If the distribution is shifted to the left of zero (Negative β), it means that unaccusative scenes scored lower than unergative ones for that metric. This is the “danger zone” for our stimuli, as it would suggest they are harder for the models to process. As you can see, both the full sentence similarity and the VLM verification scores are shifted heavily to the left, indicating that the unaccusative pictures are indeed less clear or representative.

If the distribution were on the right side (Positive β), it would mean unaccusatives scored higher, suggesting they were actually easier for the models. None of our metrics show this result.

import matplotlib.pyplot as plt
import seaborn as sns
import numpy as np

# Data dictionary from your MCMC samples
beta_data = {
    'Full Scene (CLIP)': clip_samples['beta'].numpy(),
    'Subject Salience (CLIP)': subject_samples['beta'].numpy(),
    'Scene Verification (VLM)': vlm_samples['beta'].numpy()
}

# Adjust figure size for better vertical separation
fig, ax = plt.subplots(figsize=(7, 3))
sns.set_style("whitegrid", {'axes.grid': True, 'grid.color': '.95'})

labels = list(beta_data.keys())
colors = ['#3498db', '#9b59b6', '#e74c3c']

for i, label in enumerate(labels):
    samples = beta_data[label]
    mean_val = samples.mean()
    
    # 1. Calculate multiple intervals for the "stacking" effect
    hdi_95 = np.percentile(samples, [2.5, 97.5])
    hdi_80 = np.percentile(samples, [10, 90])
    hdi_50 = np.percentile(samples, [25, 75])
    
    # 2. Plot the stacked lines (Bottom to Top: thinnest/widest first)
    # 95% Interval - Thin
    ax.hlines(i, hdi_95[0], hdi_95[1], color=colors[i], linewidth=0.75, alpha=0.35, zorder=1)
    # 80% Interval - Medium
    ax.hlines(i, hdi_80[0], hdi_80[1], color=colors[i], linewidth=1.5, alpha=0.65, zorder=2)
    # 50% Interval - Thick
    ax.hlines(i, hdi_50[0], hdi_50[1], color=colors[i], linewidth=2.5, alpha=0.95, zorder=3)
    
    # 3. Plot the Mean point
    ax.plot(mean_val, i, 'o', color='black', markersize=5, zorder=4)
    
    # 4. Perfectly Aligned Statistics
    p_dir = (samples < 0).mean() if mean_val < 0 else (samples > 0).mean()
    prob_text = f"$P(\\beta {'<' if mean_val < 0 else '>' } 0) = {p_dir:.2f}$"
    
    # Locked to y-coordinate 'i' and x-coordinate 3.0 (outside plot area)
    ax.text(3.0, i, prob_text, va='center', ha='left', 
            fontsize=13, fontweight='bold', color=colors[i])

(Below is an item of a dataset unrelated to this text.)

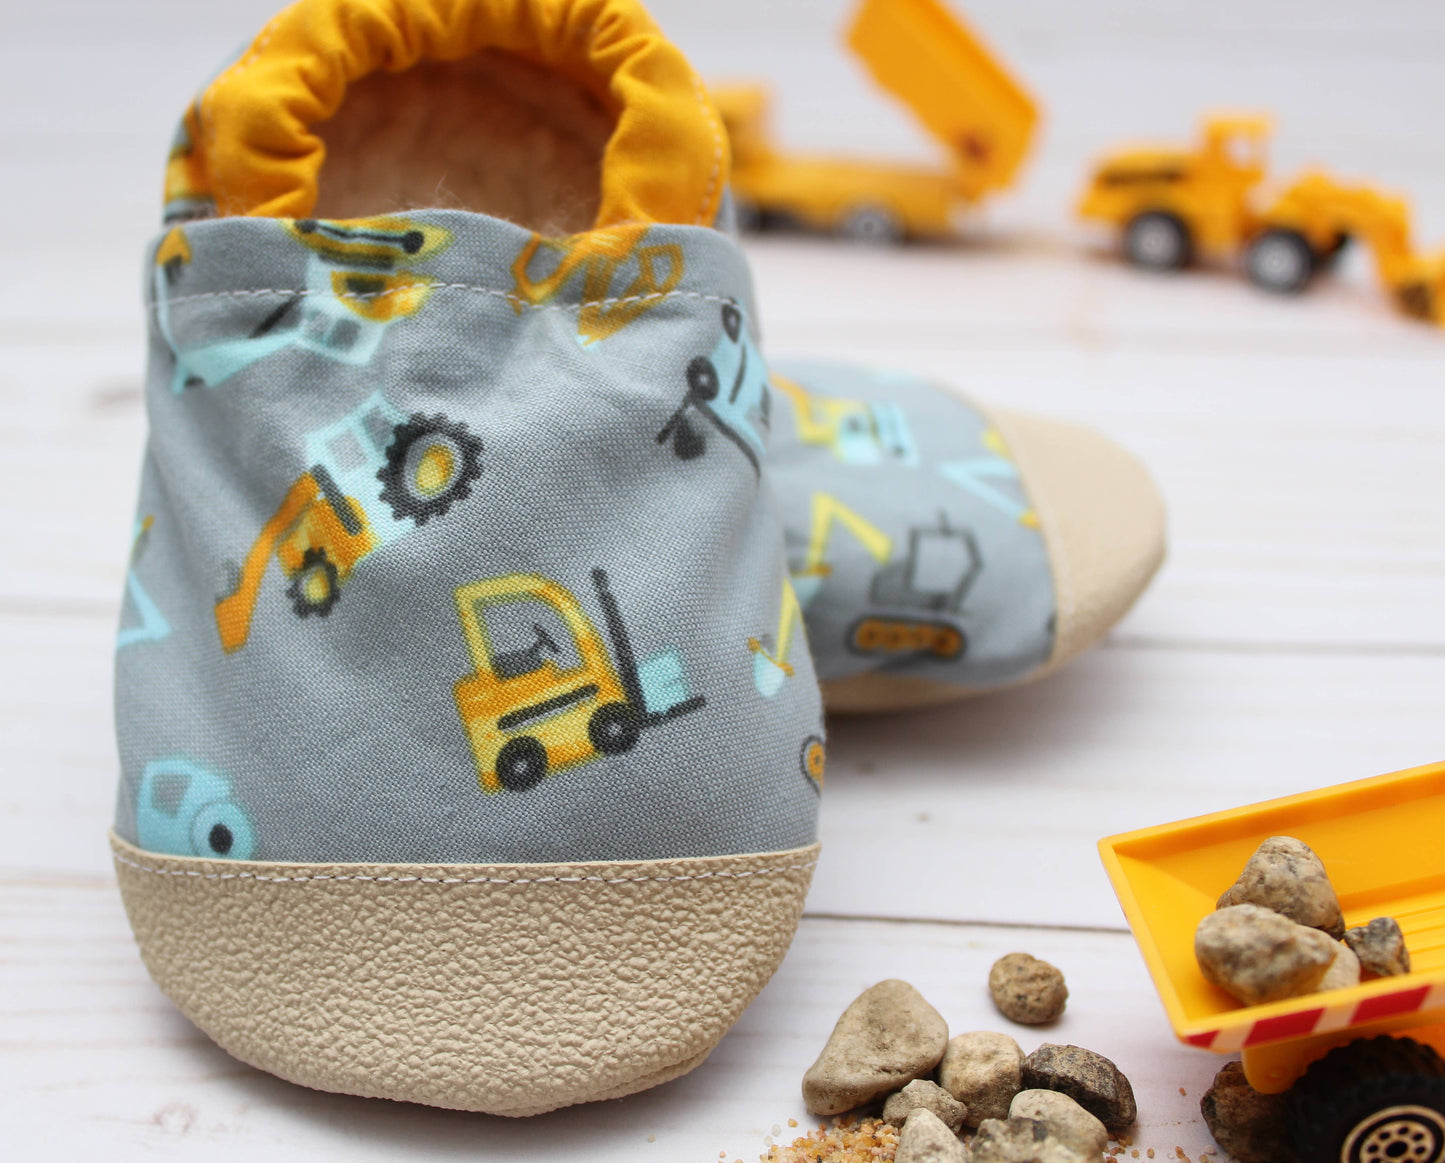 Construction Vehicles Baby Shoes

# 5. Descriptive Annotations (The "How to Read" Guide)
ax.axvline(x=0, color='black', linestyle='-', linewidth=1.5, alpha=0.6, zorder=0)

# Arrow pointing Left (Negative Beta)
ax.annotate('', xy=(-5, -0.72), xytext=(-0.5, -0.72),
            arrowprops=dict(arrowstyle="->", color='gray', lw=1.5))
ax.text(-2.75, -0.98, "Lower Scores for\nUnaccusatives", ha='center', color='gray', fontweight='bold')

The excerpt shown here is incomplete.